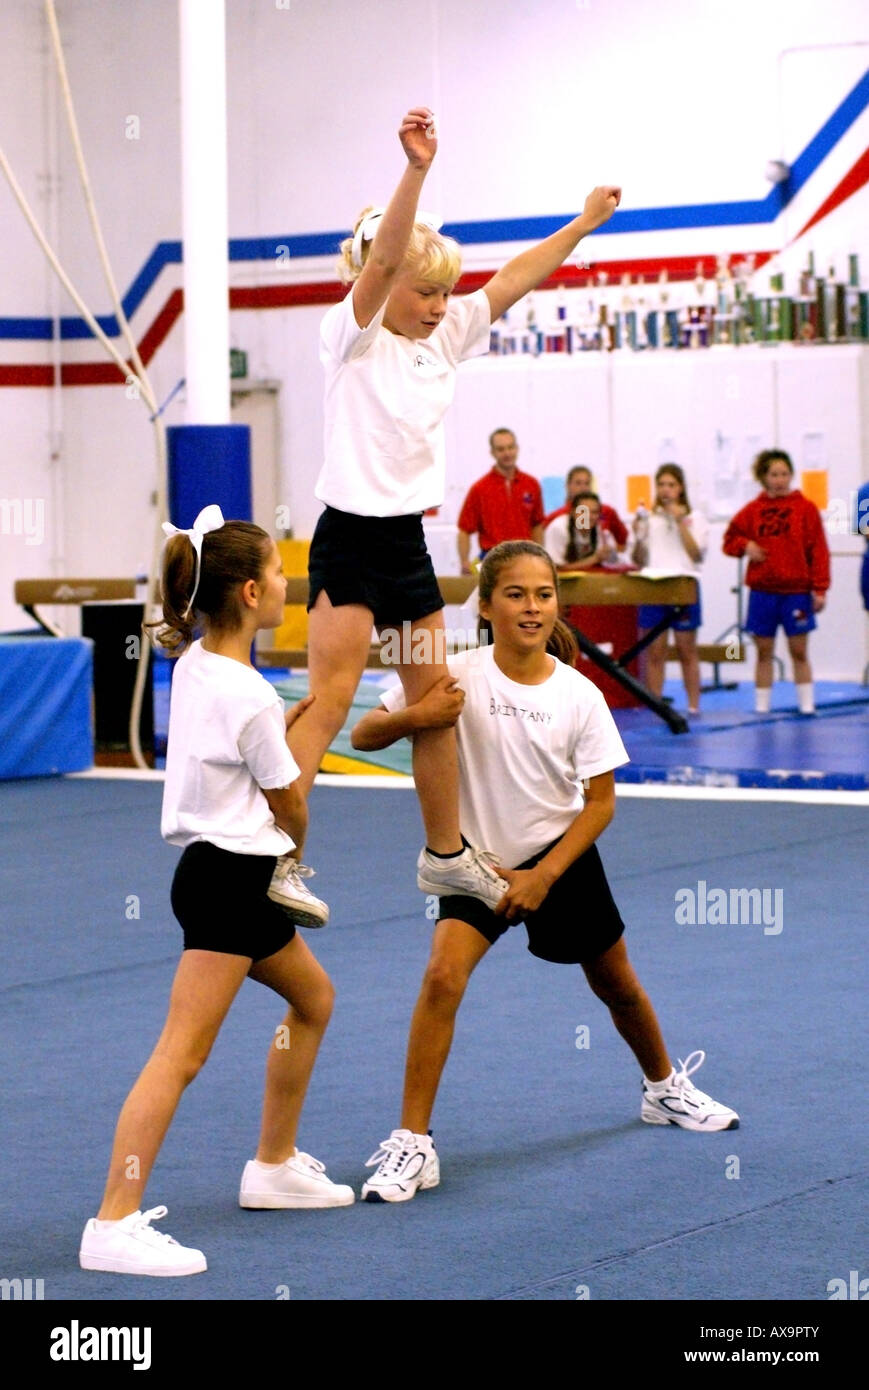 Trois jeunes filles montrent leurs compétences au cours de la démonstration à la gymnastique gymnastique U S Center California pas libéré Banque D'Images
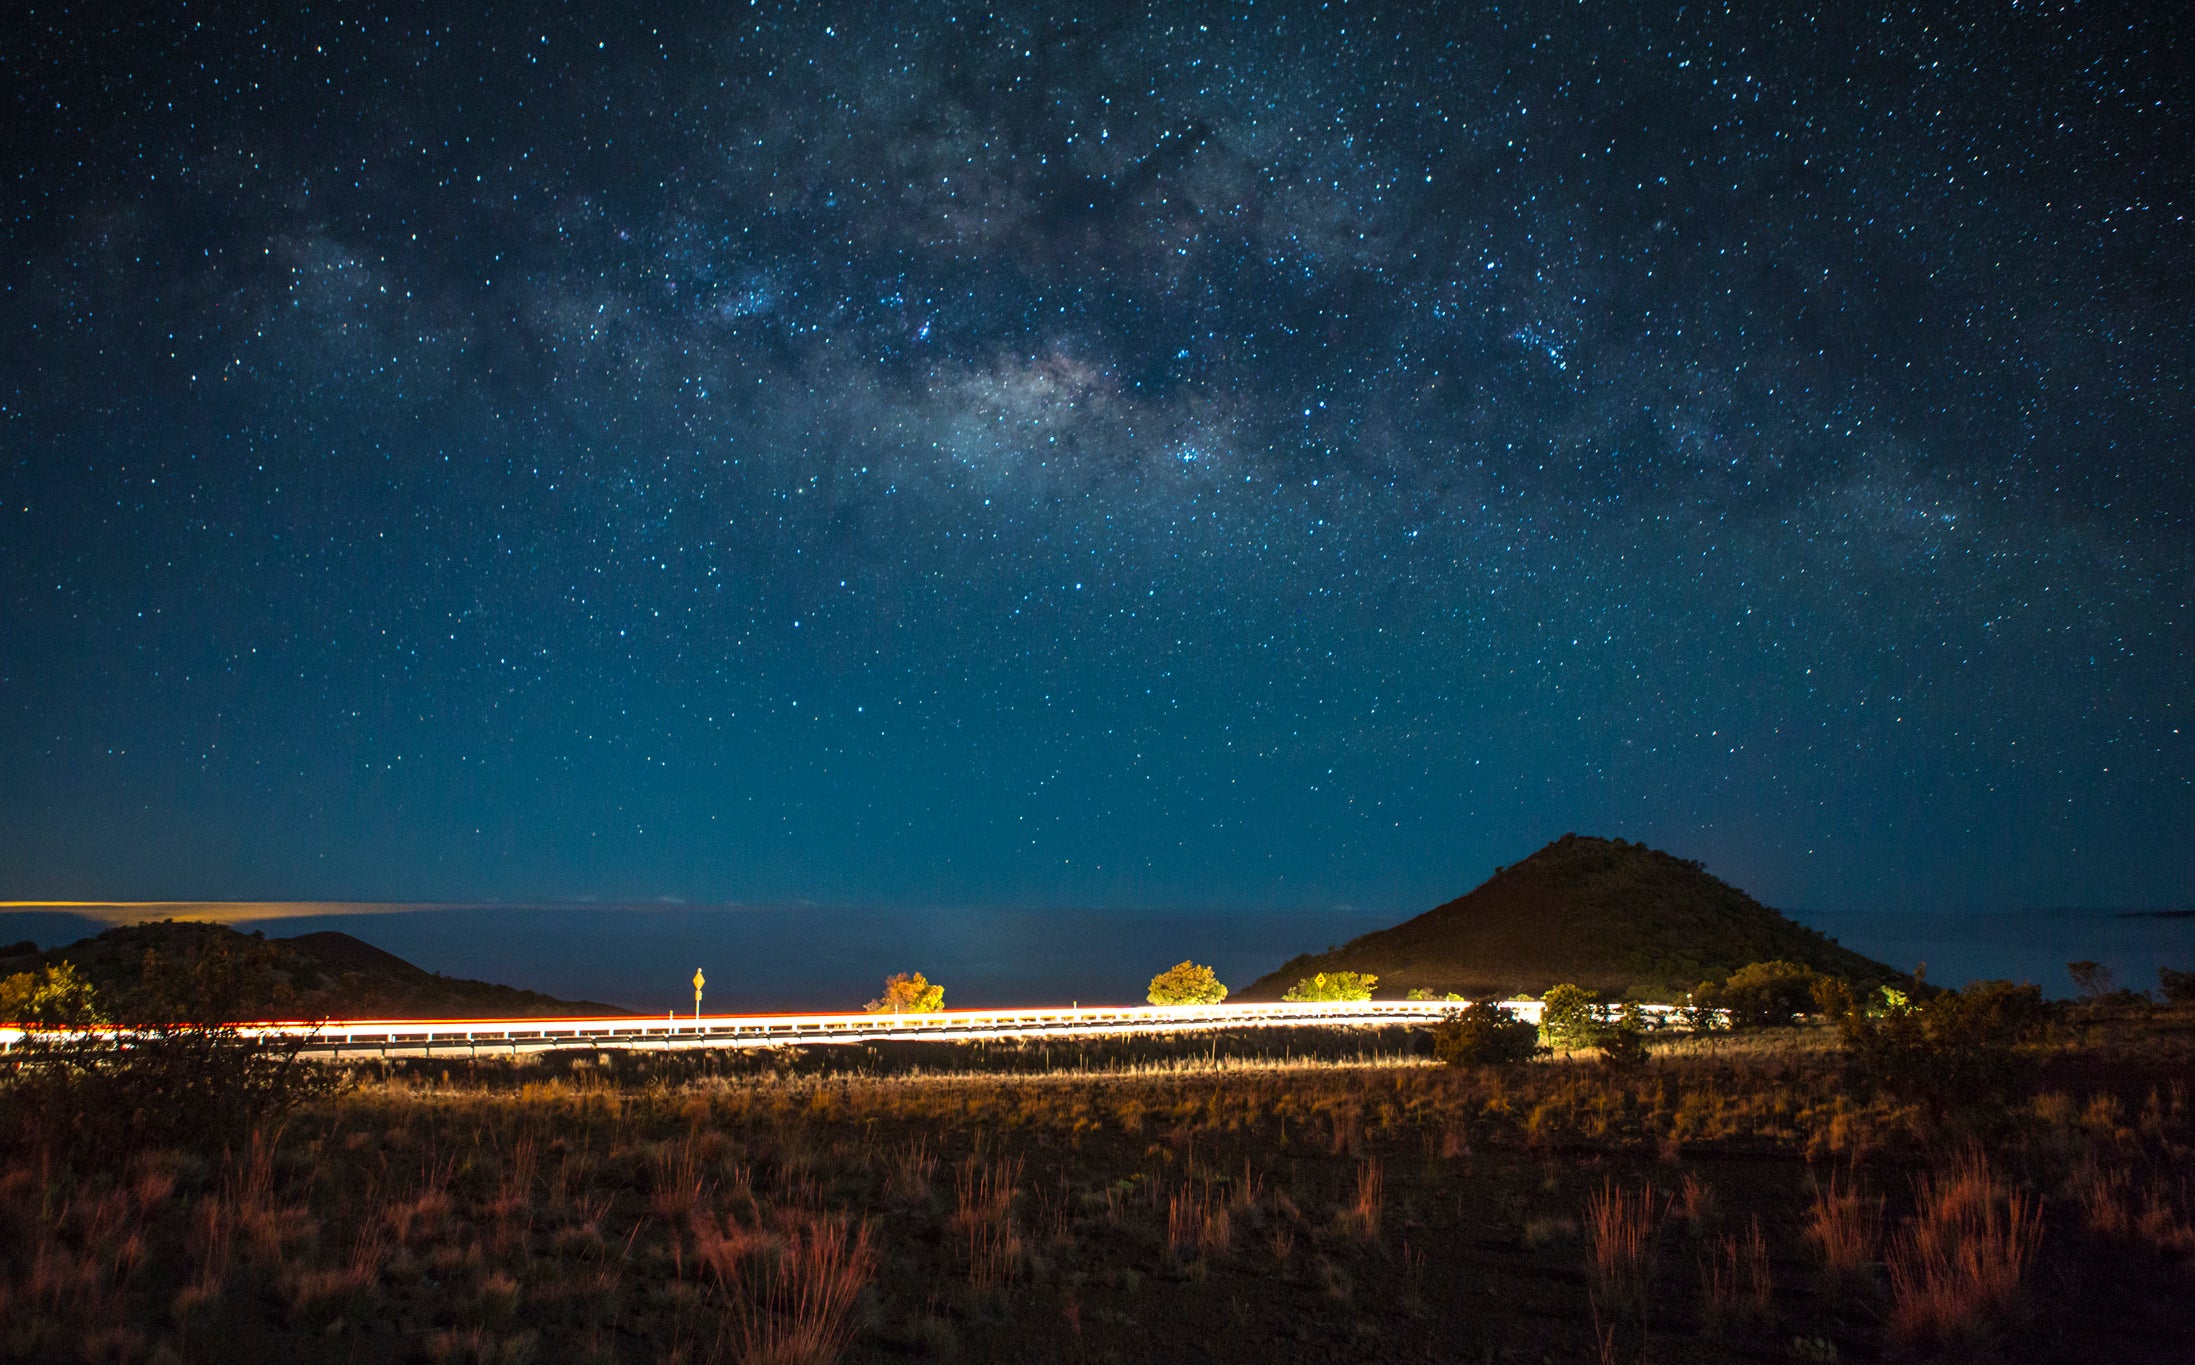  Mirando las estrellas por encima de las nubes en el volcán Mauna Kea de Hawai. (crédito de la foto: JT Sorrell)
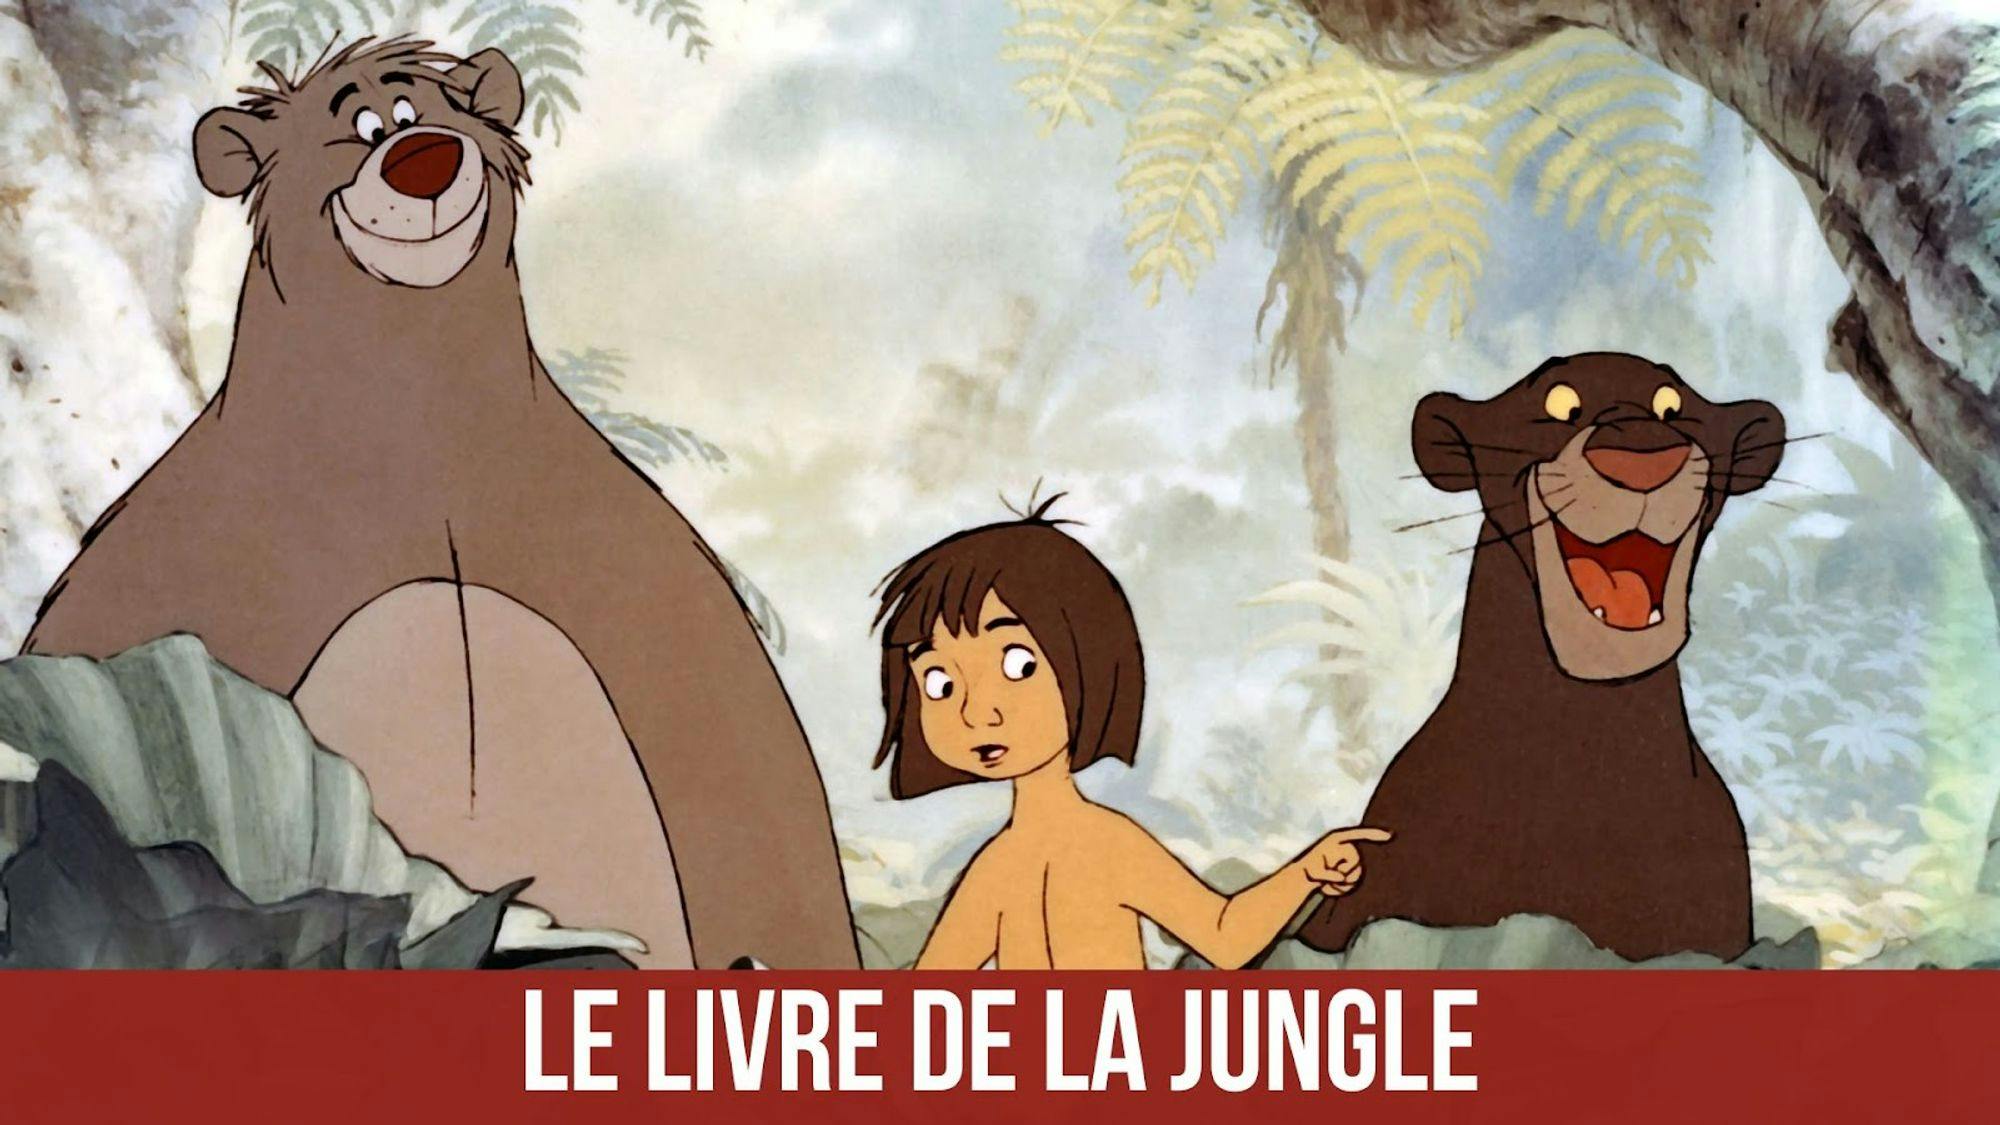 poster du film Le livre de la jungle avec un titre sur fond grenat
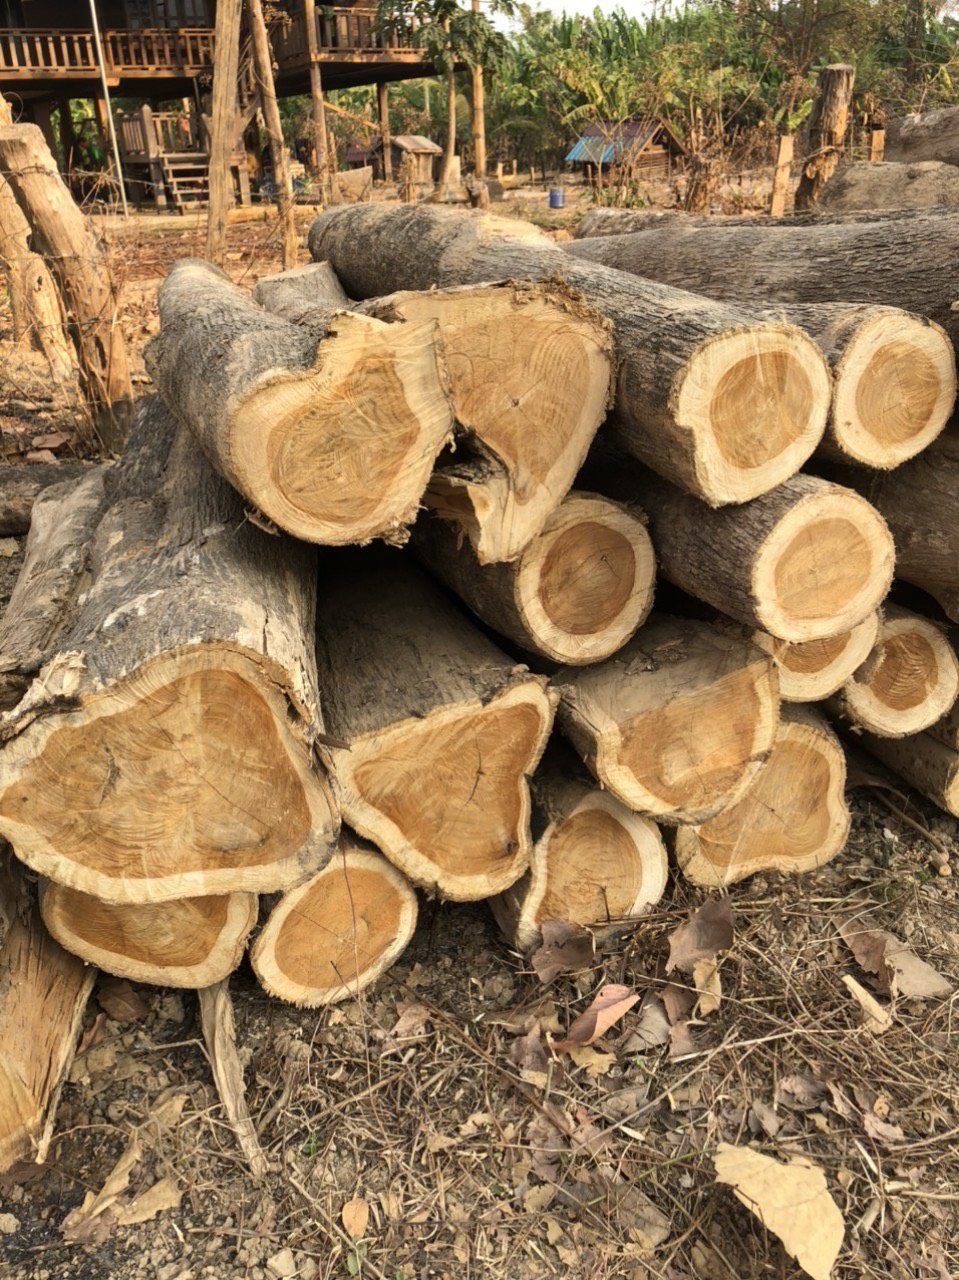 Đơn hàng xuất khẩu gỗ Teak sang thị trường Trung Quốc GT01-040621

**Assignment**
Produce the material above again in full, with identical lines and no pictures.

**Answer box**
 Trois jeunes filles montrent leurs compétences au cours de la démonstration à la gymnastique gymnastique U S Center California pas libéré Banque D'Images
  Mirando las estrellas por encima de las nubes en el volcán Mauna Kea de Hawai. (crédito de la foto: JT Sorrell)
 poster du film Le livre de la jungle avec un titre sur fond grenat
 Đơn hàng xuất khẩu gỗ Teak sang thị trường Trung Quốc GT01-040621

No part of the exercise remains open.